Task details: Transcribe the entries below exactly, starting with the line that has "Journal of Intelligent" and stopping after the line that has "Two Songs from Dog Contest"; no pictures belong in the copy.

Source material:
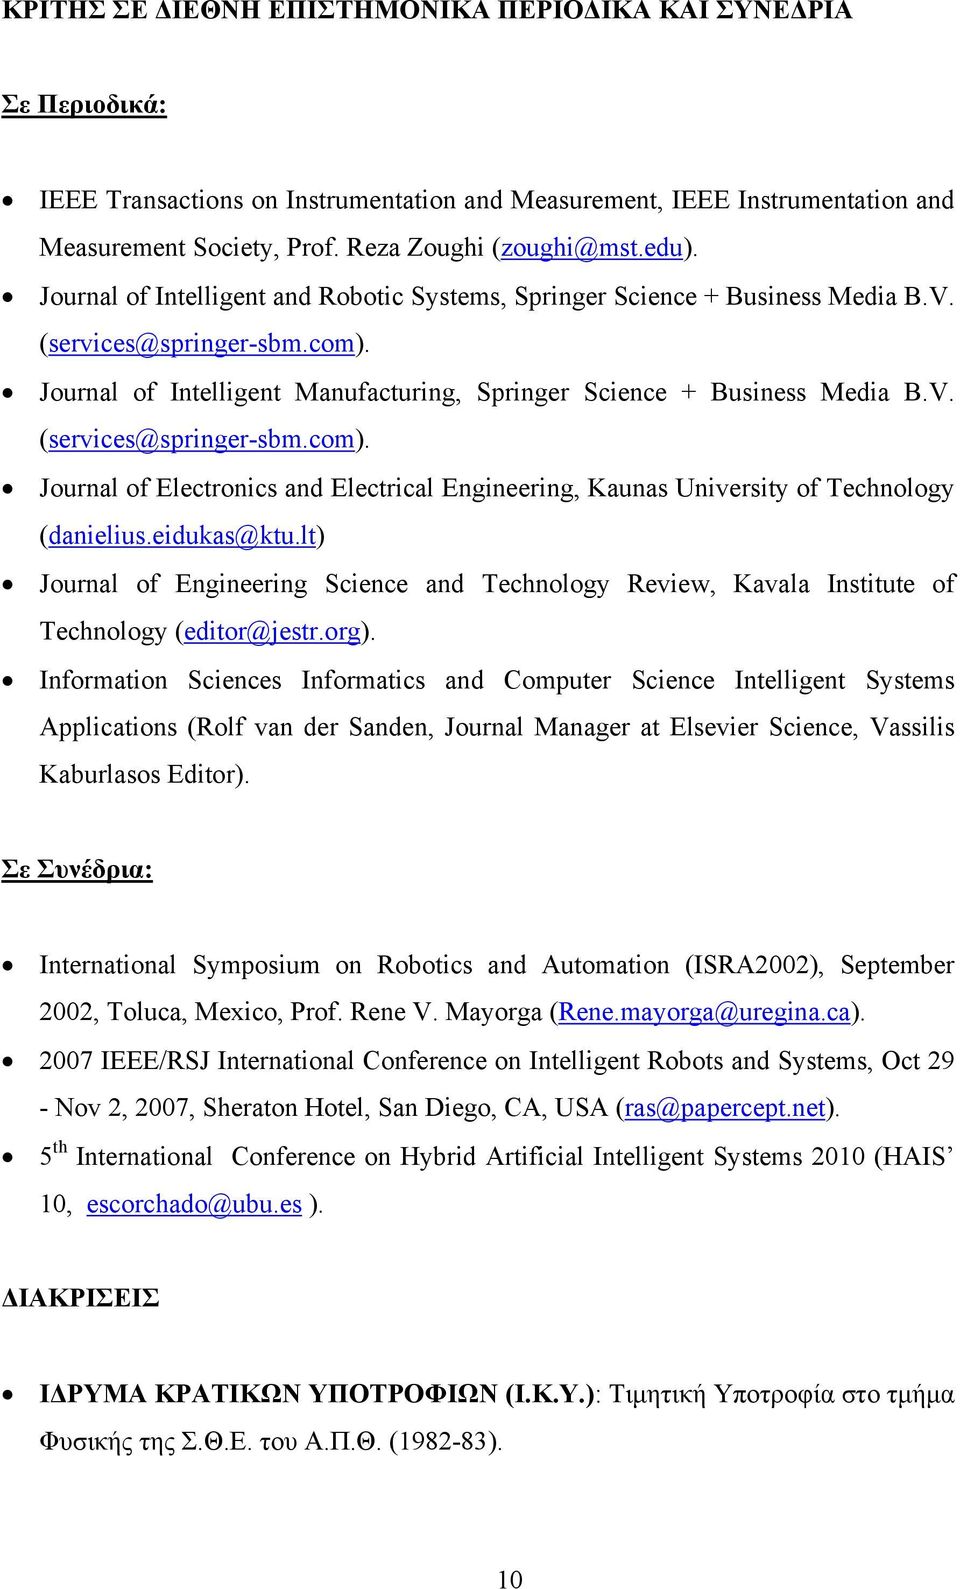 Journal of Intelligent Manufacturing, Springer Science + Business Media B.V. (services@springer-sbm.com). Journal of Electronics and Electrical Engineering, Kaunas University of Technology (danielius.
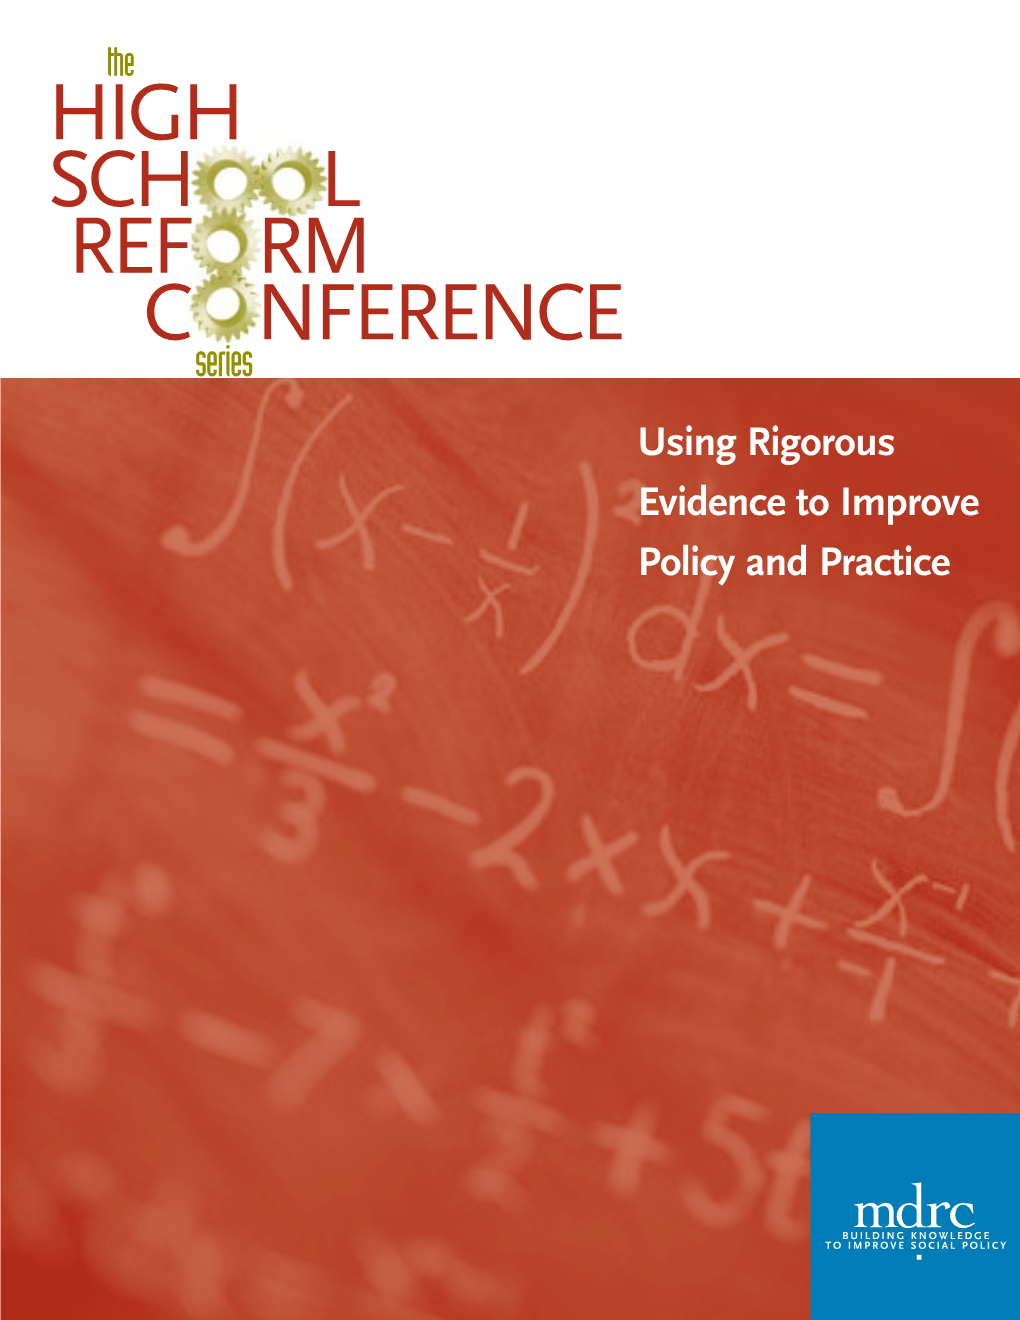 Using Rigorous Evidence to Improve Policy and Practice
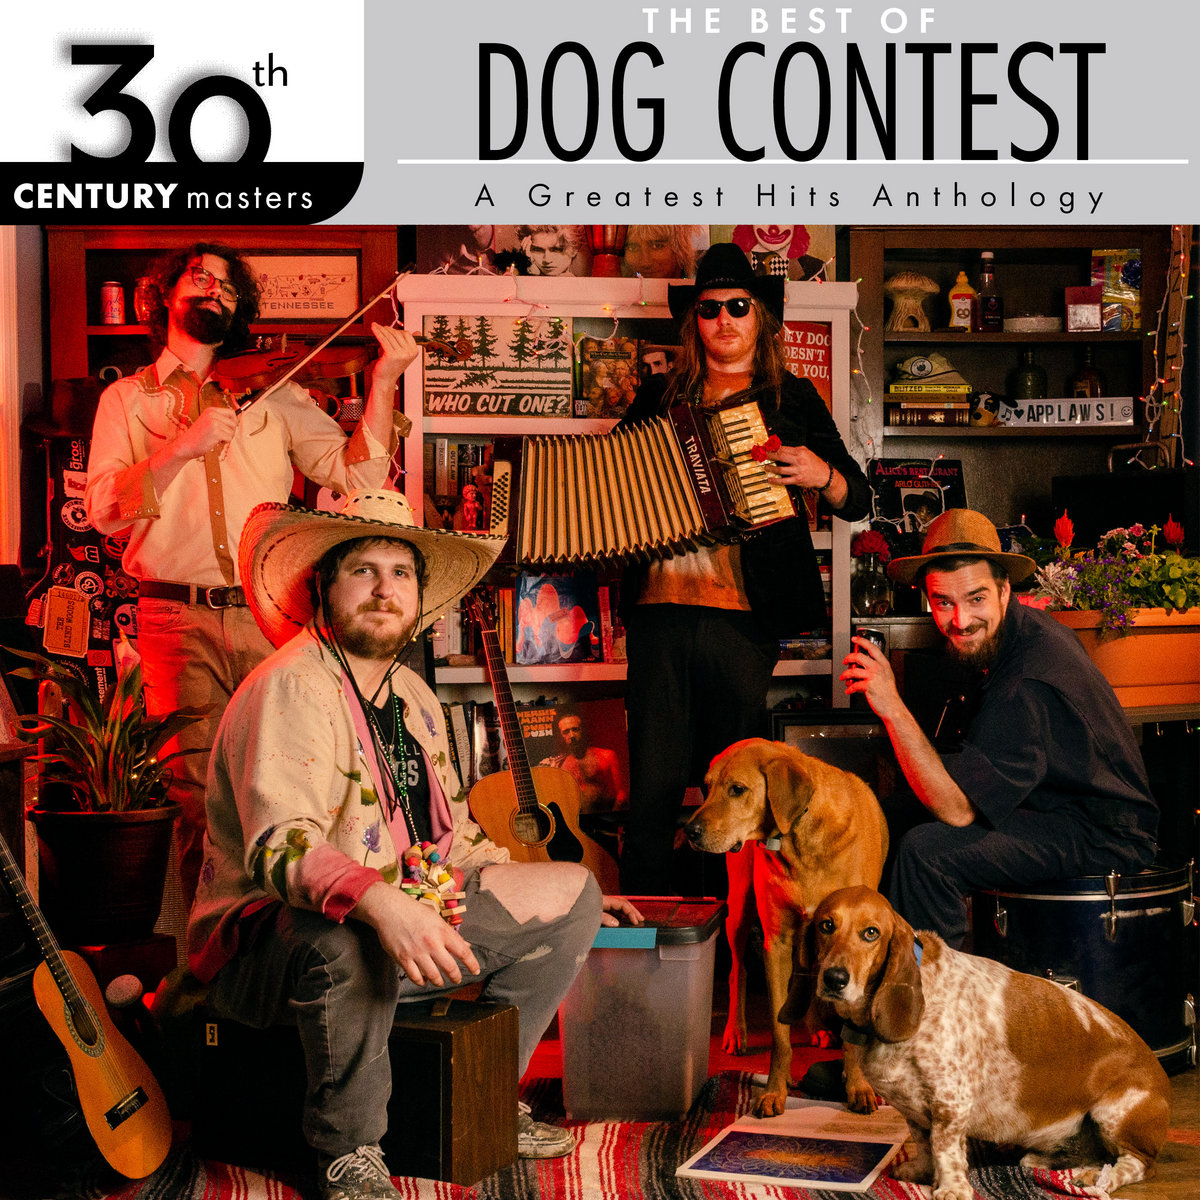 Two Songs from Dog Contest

...

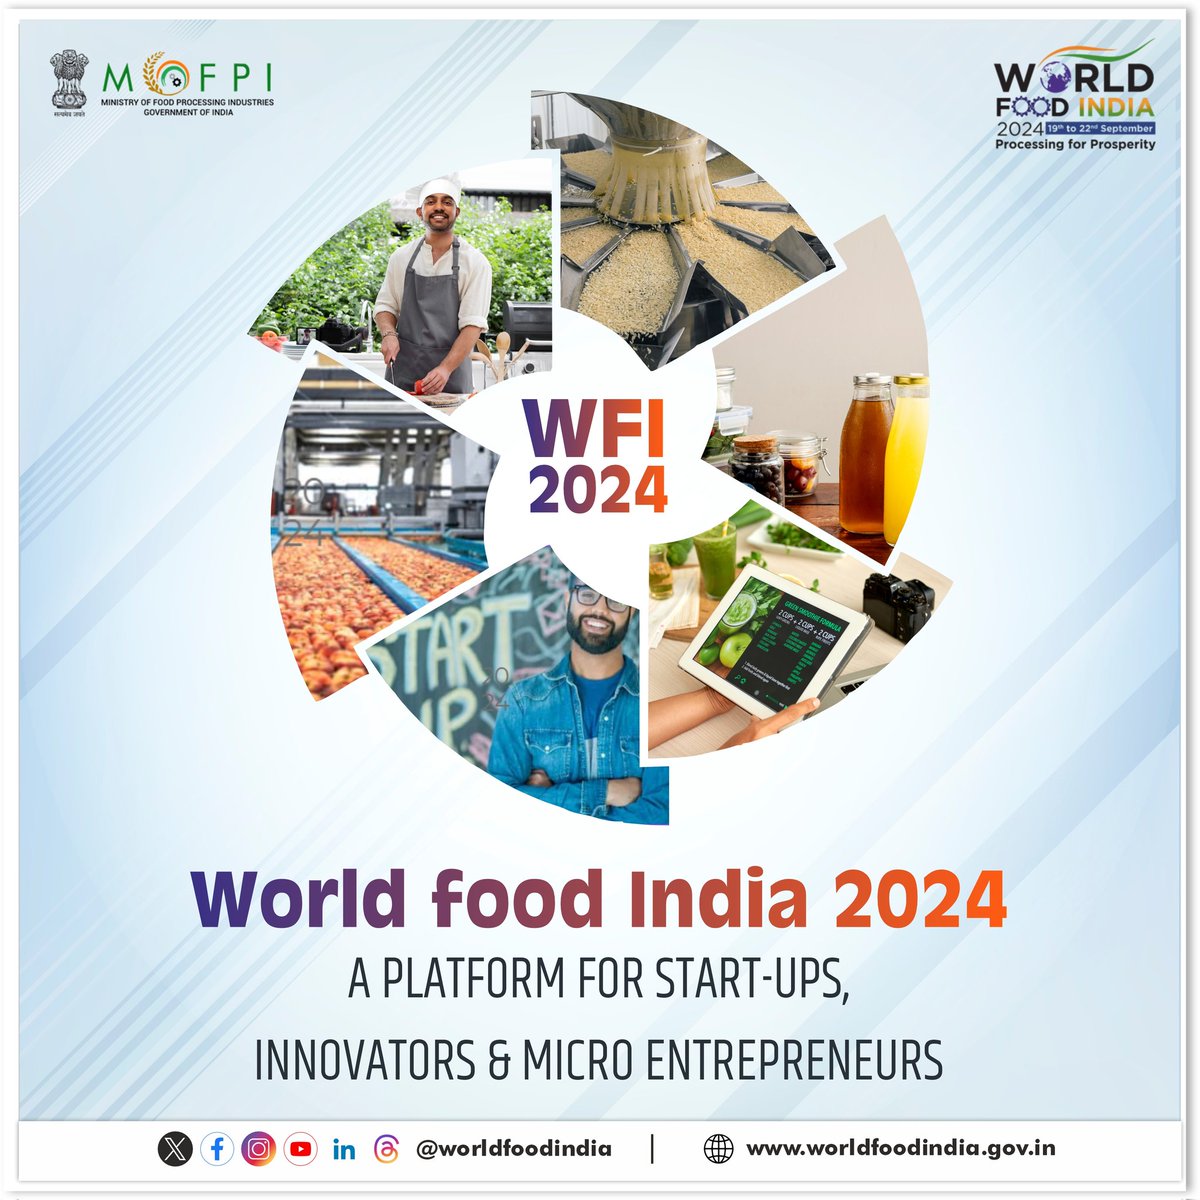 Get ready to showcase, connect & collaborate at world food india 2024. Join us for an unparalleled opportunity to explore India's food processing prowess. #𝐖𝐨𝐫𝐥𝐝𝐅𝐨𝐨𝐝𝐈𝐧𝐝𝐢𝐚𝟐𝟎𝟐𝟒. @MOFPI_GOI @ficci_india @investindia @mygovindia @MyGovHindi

---

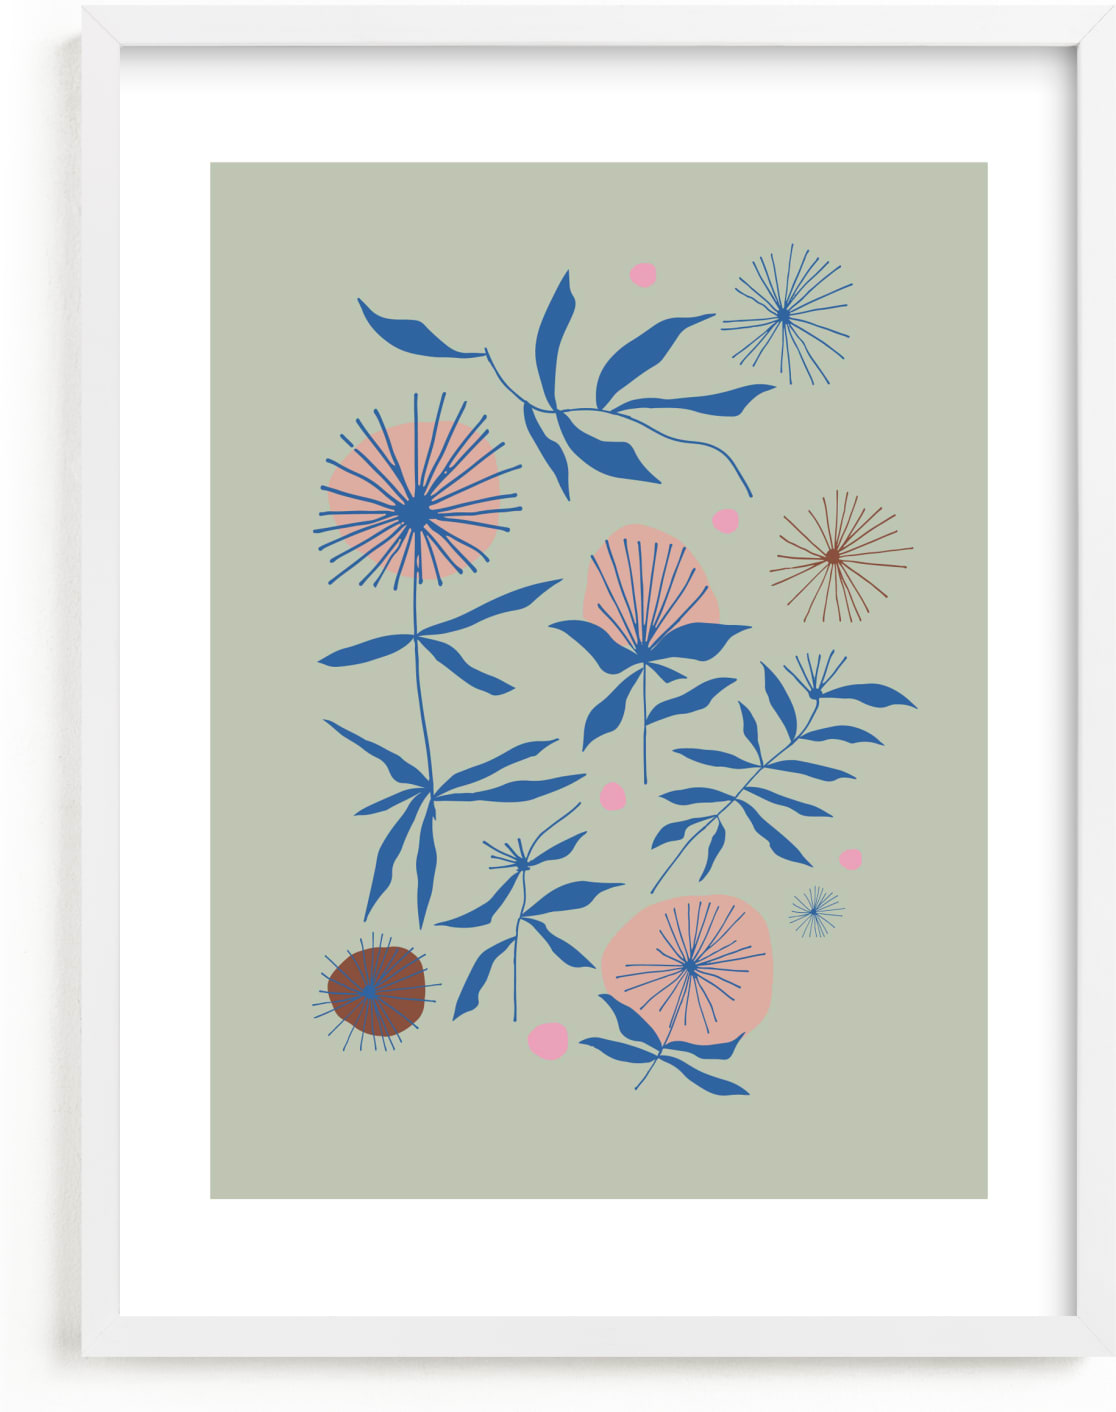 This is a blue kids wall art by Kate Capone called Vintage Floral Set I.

Problem solution:
 Journal of Intelligent Manufacturing, Springer Science + Business Media B.V. (services@springer-sbm.com). Journal of Electronics and Electrical Engineering, Kaunas University of Technology (danielius.
 Using Rigorous Evidence to Improve Policy and Practice
 Two Songs from Dog Contest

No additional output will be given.